И точно. Дурак я. Филологией страдаю. Сдаётся, и нормальному рулевому на прокладку эту взглянуть интересно будет. Поправку он в столбик считает на листиках. Аккуратист какой!
— По поводу Херсона, — решил напомнить о себе Дед Витька.
— С парохода, если не пассажир конечно, принято не сходить, а сдавать пароход. Это тебе на будущее.
— И на настоящее: по сезону, должна уже приёмка мариупольская в Феодосийском заливе на шпроте работать. Это я тебе как рыбак одесский "рыбаку" ждановскому напоминаю.

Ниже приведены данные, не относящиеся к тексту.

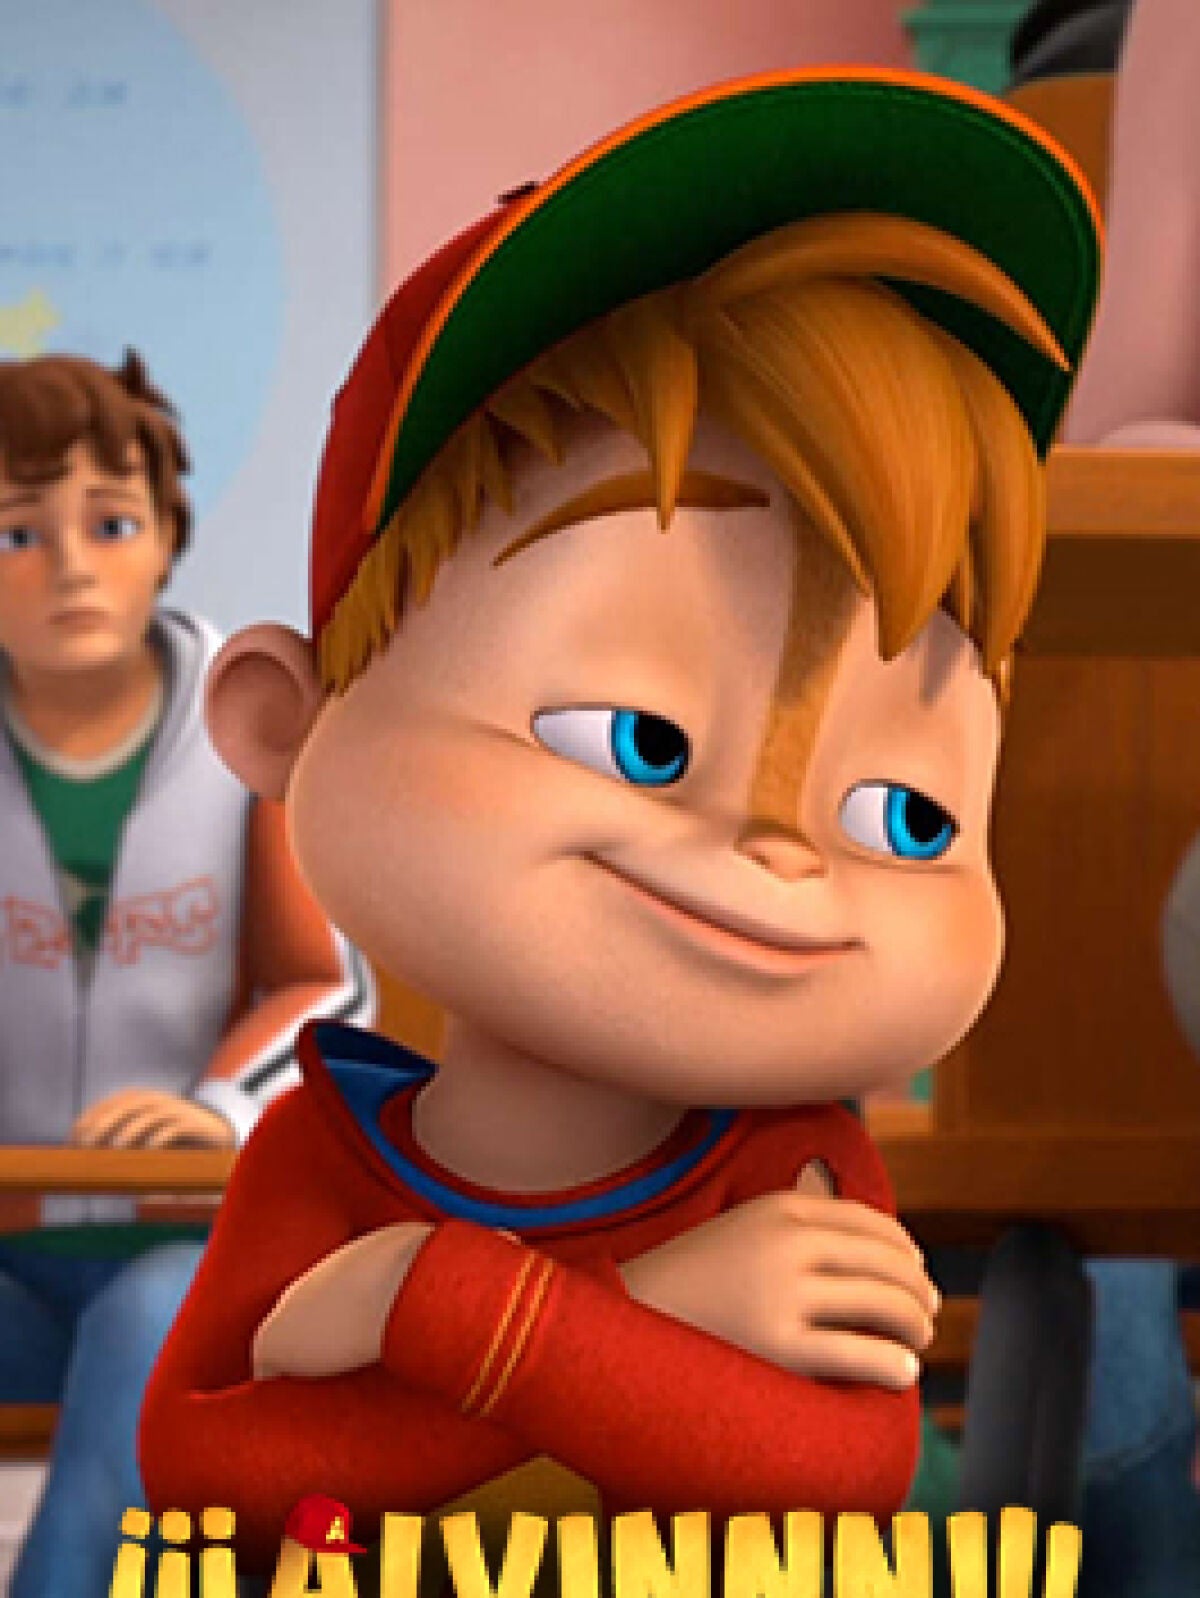 Nuevos episodios de “Alvin y las ardillas” en Nickelodeon

А письмо — пиши. Люблю Дюма!
Вот Дед точно дураком не был. Всегда я ему в шахматы дул.
— Будет завтра письмо у меня в руках, — говорит, — глядишь, кубанцы наши подробностей до самого Херсона и не узнают. Ты ж их знаешь. Казаки.
А приёмку мы таки нашли. Не в Феодосийском заливе, но рядом. За мысом Киик-Атлама.
"Рыбак" наш и здесь чуть всё не испортил. Дед же просил: тупо подвалить к кранцам, чтоб он мог перепрыгнуть и с механиками с глазу на глаз переговорить. А этот за сто метров в мегафон "топлива не дадите?" орать стал. А народ мариупольский весь, как водится, к борту вывалил. Совсем с глазу на глаз. И что значит "дадите"? Шляются тут одесситы всякие, топливо клянчат.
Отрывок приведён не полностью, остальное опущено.